Re:Two files with the same md5 hash?

[Phleg]

See you in the next life.

Re: Exploit?

[Omniscient+Ferret]

Somebody could use these fake files to "poison" popular torrents, making it very unlikely that anybody on them will get uncorrupted files.

This would worry me, except that BT uses SHA1, not MD5, so this is irrelevant. MD5 has seemed suspect for years, & Bram's the sort to pay attention to that sort of thing.

I checked; Edonkey is based on MD4. Gnutella variants might use MD5.

Re:Exploit?

[wdr1]

I thought the same at first, but they have a pretty clear example showing that's not the case. From here:

file1.dat:

00000000 d1 31 dd 02 c5 e6 ee c4 69 3d 9a 06 98 af f9 5c
00000010 2f ca b5 87 12 46 7e ab 40 04 58 3e b8 fb 7f 89
00000020 55 ad 34 06 09 f4 b3 02 83 e4 88 83 25 71 41 5a
00000030 08 51 25 e8 f7 cd c9 9f d9 1d bd f2 80 37 3c 5b
00000040 96 0b 1d d1 dc 41 7b 9c e4 d8 97 f4 5a 65 55 d5
00000050 35 73 9a c7 f0 eb fd 0c 30 29 f1 66 d1 09 b1 8f
00000060 75 27 7f 79 30 d5 5c eb 22 e8 ad ba 79 cc 15 5c
00000070 ed 74 cb dd 5f c5 d3 6d b1 9b 0a d8 35 cc a7 e3

MD5(file1.dat) = a4c0d35c95a63a805915367dcfe6b751

file2.dat:

00000000 d1 31 dd 02 c5 e6 ee c4 69 3d 9a 06 98 af f9 5c
00000010 2f ca b5 07 12 46 7e ab 40 04 58 3e b8 fb 7f 89
00000020 55 ad 34 06 09 f4 b3 02 83 e4 88 83 25 f1 41 5a
00000030 08 51 25 e8 f7 cd c9 9f d9 1d bd 72 80 37 3c 5b
00000040 96 0b 1d d1 dc 41 7b 9c e4 d8 97 f4 5a 65 55 d5
00000050 35 73 9a 47 f0 eb fd 0c 30 29 f1 66 d1 09 b1 8f
00000060 75 27 7f 79 30 d5 5c eb 22 e8 ad ba 79 4c 15 5c
00000070 ed 74 cb dd 5f c5 d3 6d b1 9b 0a 58 35 cc a7 e3

MD5(file2.dat) = a4c0d35c95a63a805915367dcfe6b751

Re:Exploit?

[CryoPenguin]

That's only a problem because Kazaa uses one checksum for the whole file.

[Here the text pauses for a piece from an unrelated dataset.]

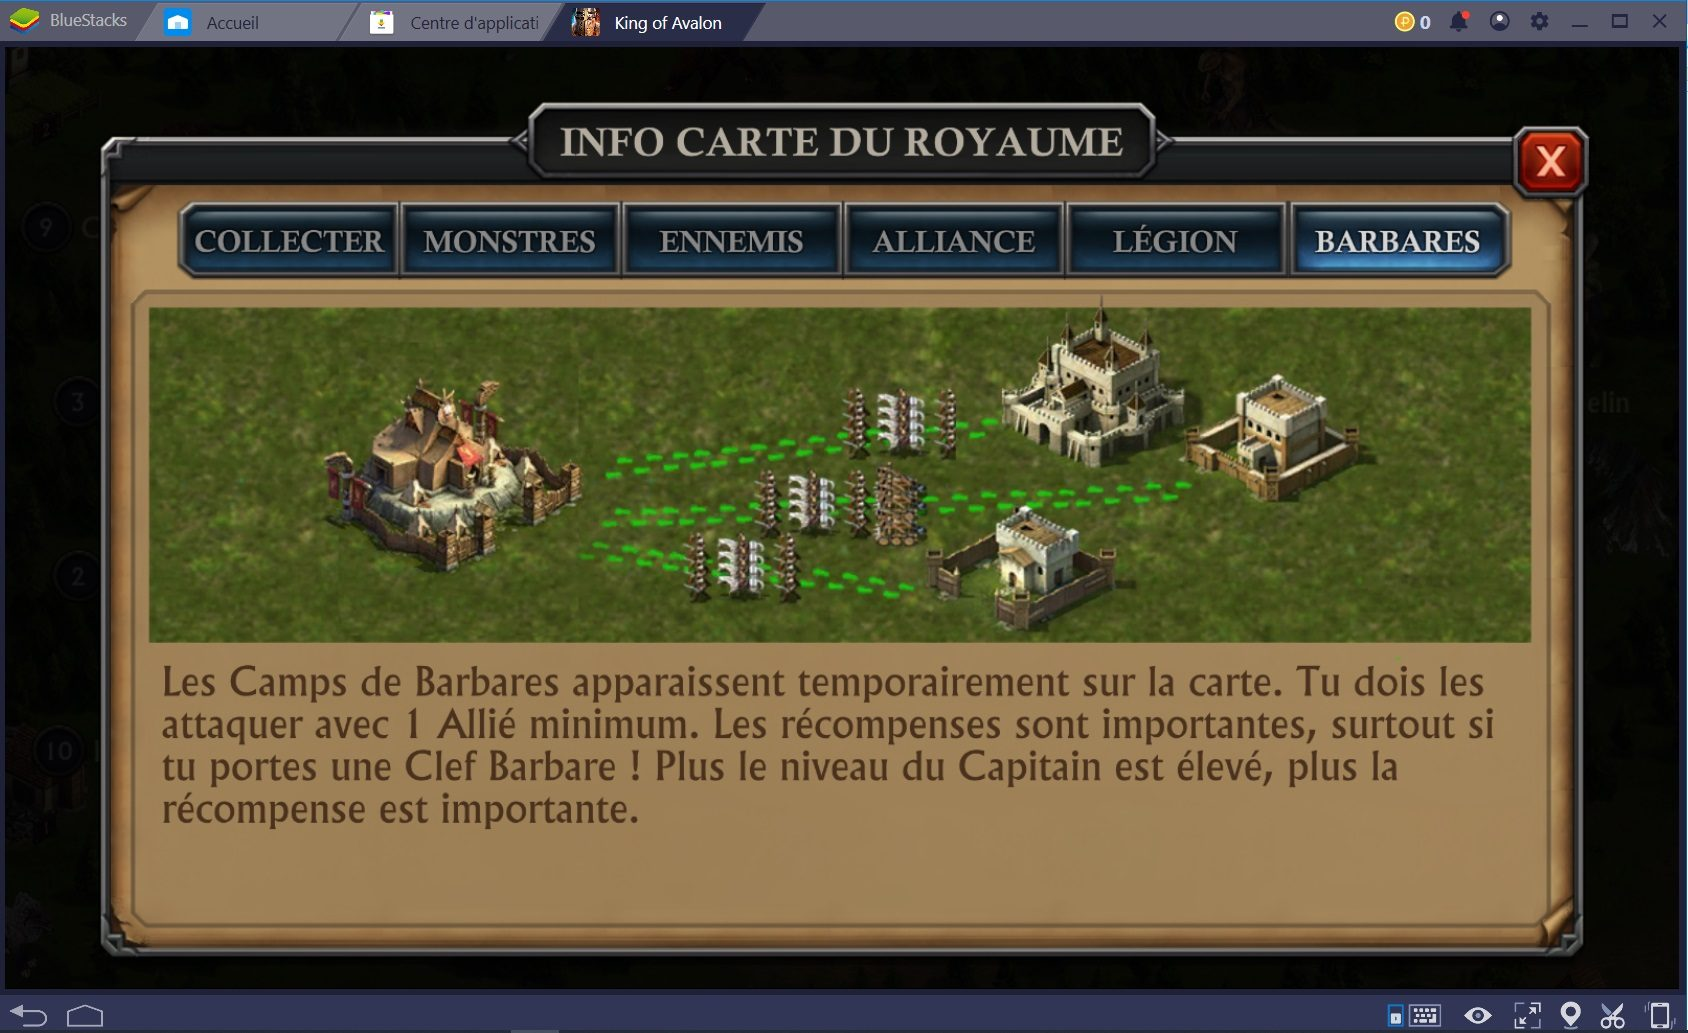 Le guide ultime de la gestion des ressources dans King of Avalon

BitTorrent checksums each chunk (typically 256KB - 1MB), so it can detect corrupt data, throw out only little collateral real data, and blacklist whoever sent you the corrupt bits. Then it redownloads the chunk from someone else, and the user never needs to know.

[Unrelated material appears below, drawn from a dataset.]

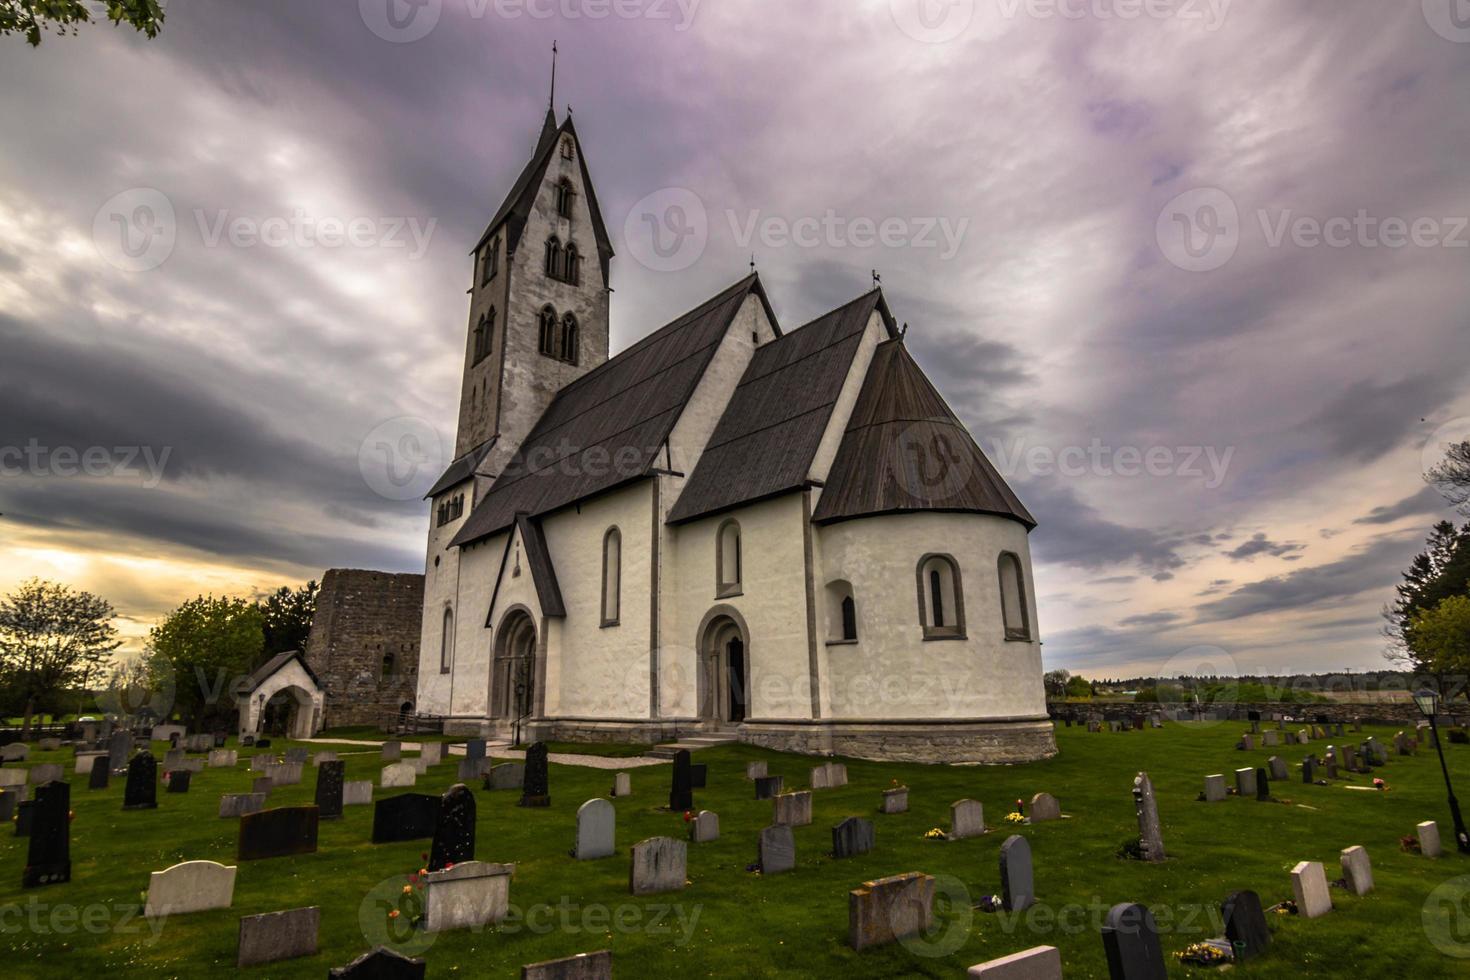 Kirche von Gothem in Gotland, Schweden foto

Re:I have a novel solution

[Dan+Farina]

I'm not sure if you are being sarcastic or something, but as said before, Bittorrent uses SHA-1, not MD5....

So you are safe downloading linux for now via bittorrent. Besides, the chances of MD5 collisions happening from sheer luck/unluck are very slim. (after all, we've been using it for ages with no reports)

The most dangerous factor to continued use of MD5 are malicious individuals.